J-Link Detective Squad: Dead KORG microKEY-37
08 November 2015
I love the KORG microKEY 37. It's an excellent entry-level MIDI controller that fits unobtrusively on your desk, great for impromptu jamming when you should be focused on something boring like "tax" or "finding a new house before eviction day". The keys feel pretty soft, as they use rubber domes instead of metal springs, but the velocity response is excellent. I highly recommend it, as it's one of those products which basically lives forever and delivers year after year of good service.

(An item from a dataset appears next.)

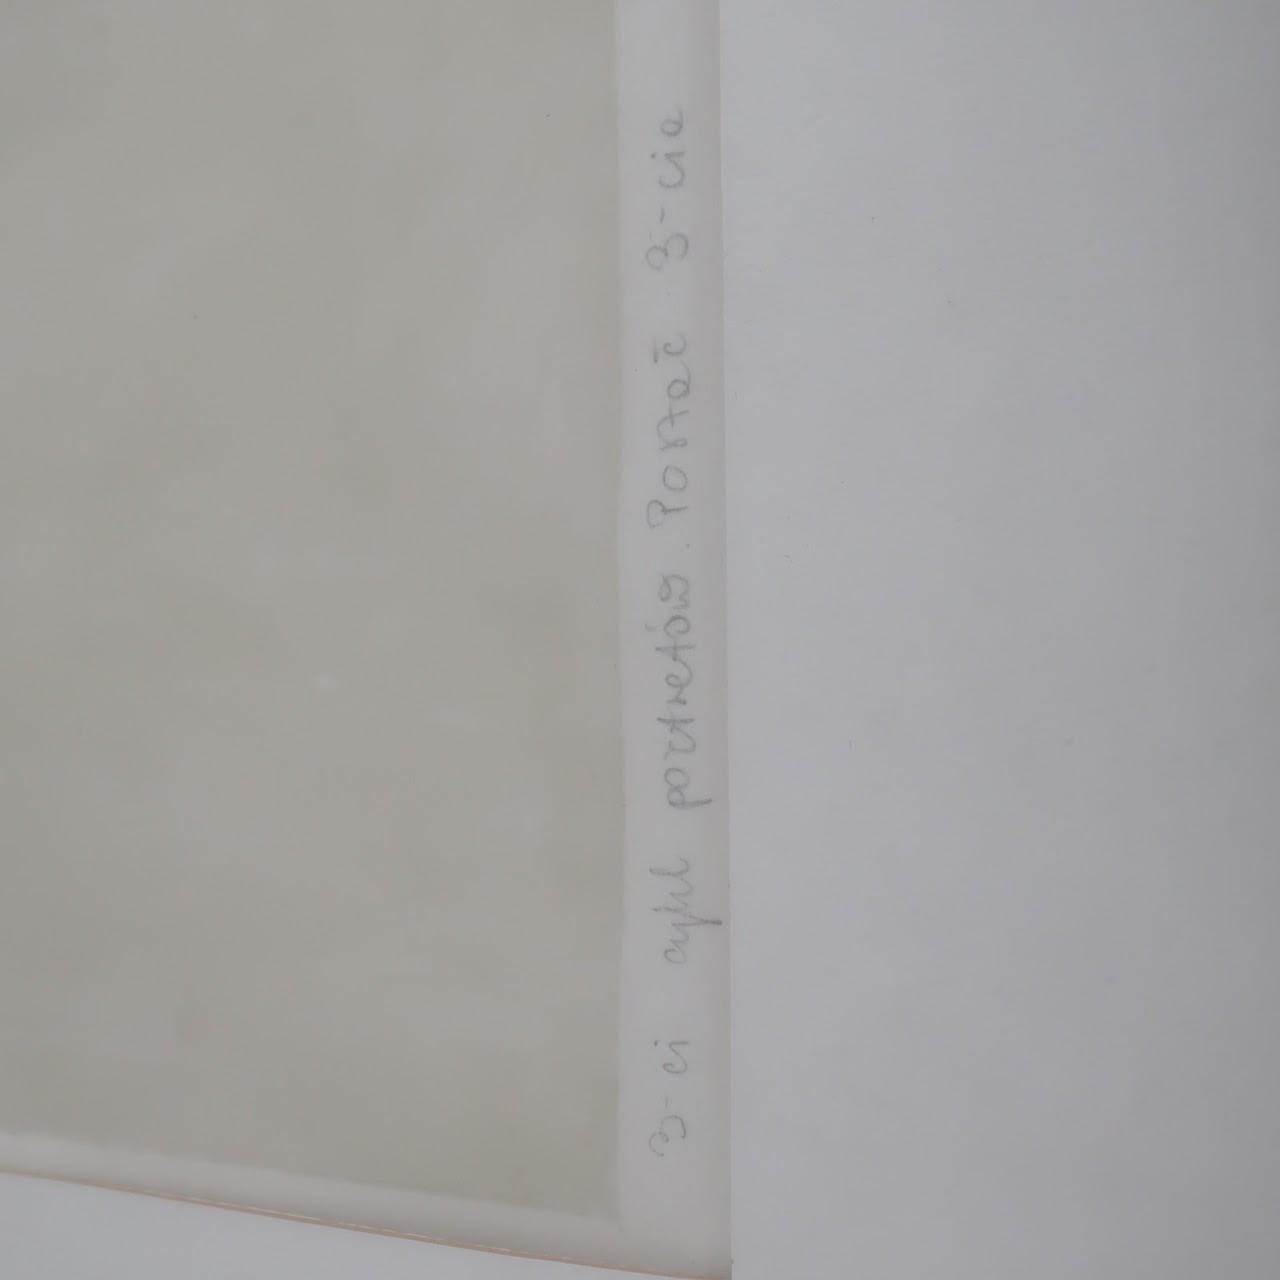 Signed Lithographic Portrait 3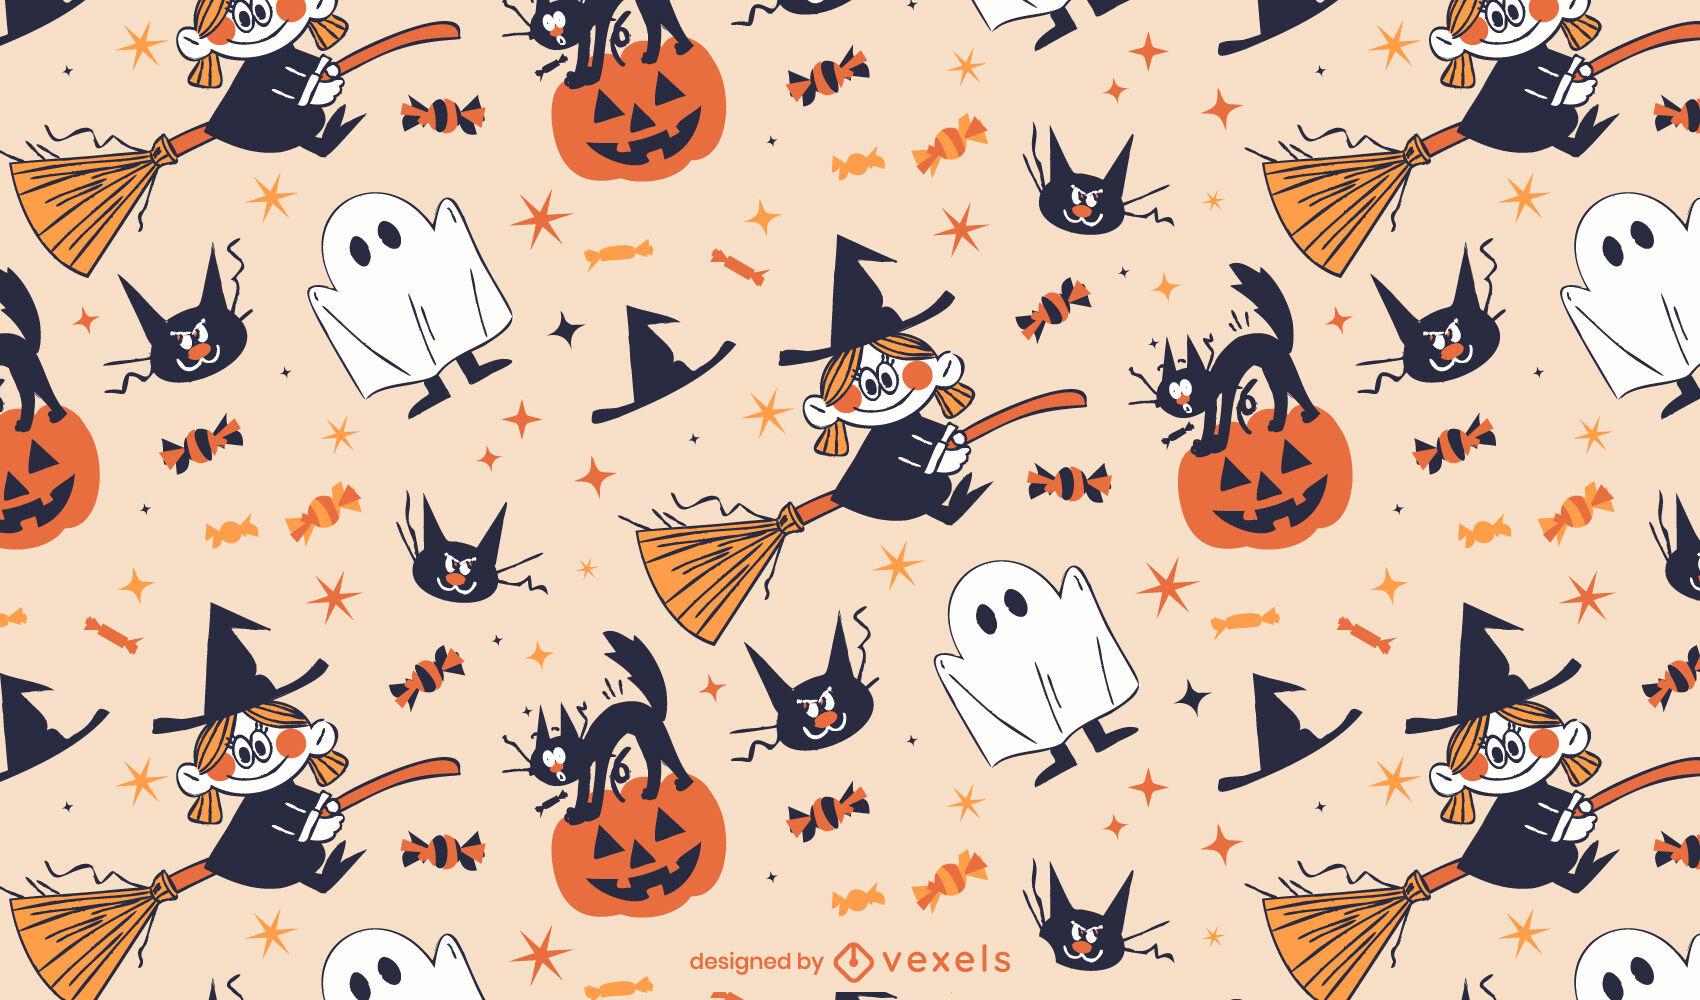 Halloween-Retro-Cartoon-Muster

I bring this up because back in about February, my KORG microKEY 37 stopped turning on. The unit would no longer connect via USB; each time it would give up at different points during the initial handshake, with dmesg spewing a number of unhappy messages. Here's one attempt at plugging the device in.
[Sun Sep 27 06:00:56 2015] usb 3-1: new full-speed USB device number 17 using xhci_hcd [Sun Sep 27 06:00:56 2015] usb 3-1: device descriptor read/64, error -71 [Sun Sep 27 06:00:57 2015] xhci_hcd 0000:00:14.0: Setup ERROR: setup context command for slot 16. [Sun Sep 27 06:00:57 2015] usb 3-1: hub failed to enable device, error -22 [Sun Sep 27 06:00:57 2015] usb 3-1: new full-speed USB device number 18 using xhci_hcd [Sun Sep 27 06:00:57 2015] usb 3-1: device descriptor read/64, error -71 [Sun Sep 27 06:00:57 2015] xhci_hcd 0000:00:14.0: Setup ERROR: setup context command for slot 17. [Sun Sep 27 06:00:57 2015] usb 3-1: hub failed to enable device, error -22 [Sun Sep 27 06:00:57 2015] usb 3-1: new high-speed USB device number 19 using xhci_hcd [Sun Sep 27 06:00:57 2015] usb 3-1: Device not responding to setup address. [Sun Sep 27 06:00:57 2015] usb 3-1: Device not responding to setup address. [Sun Sep 27 06:00:58 2015] usb 3-1: device not accepting address 19, error -71 [Sun Sep 27 06:00:58 2015] usb 3-1: new full-speed USB device number 20 using xhci_hcd [Sun Sep 27 06:00:58 2015] usb 3-1: Device not responding to setup address. [Sun Sep 27 06:00:58 2015] usb 3-1: Device not responding to setup address. [Sun Sep 27 06:00:58 2015] usb 3-1: device not accepting address 20, error -71 [Sun Sep 27 06:00:58 2015] usb usb3-port1: unable to enumerate USB device
Oh snap! I'm torn on what to do... buying a replacement is doable, but this one was limited edition and a replacement wouldn't be the same cool colour scheme! Maybe there's a clue to what went wrong inside the unit?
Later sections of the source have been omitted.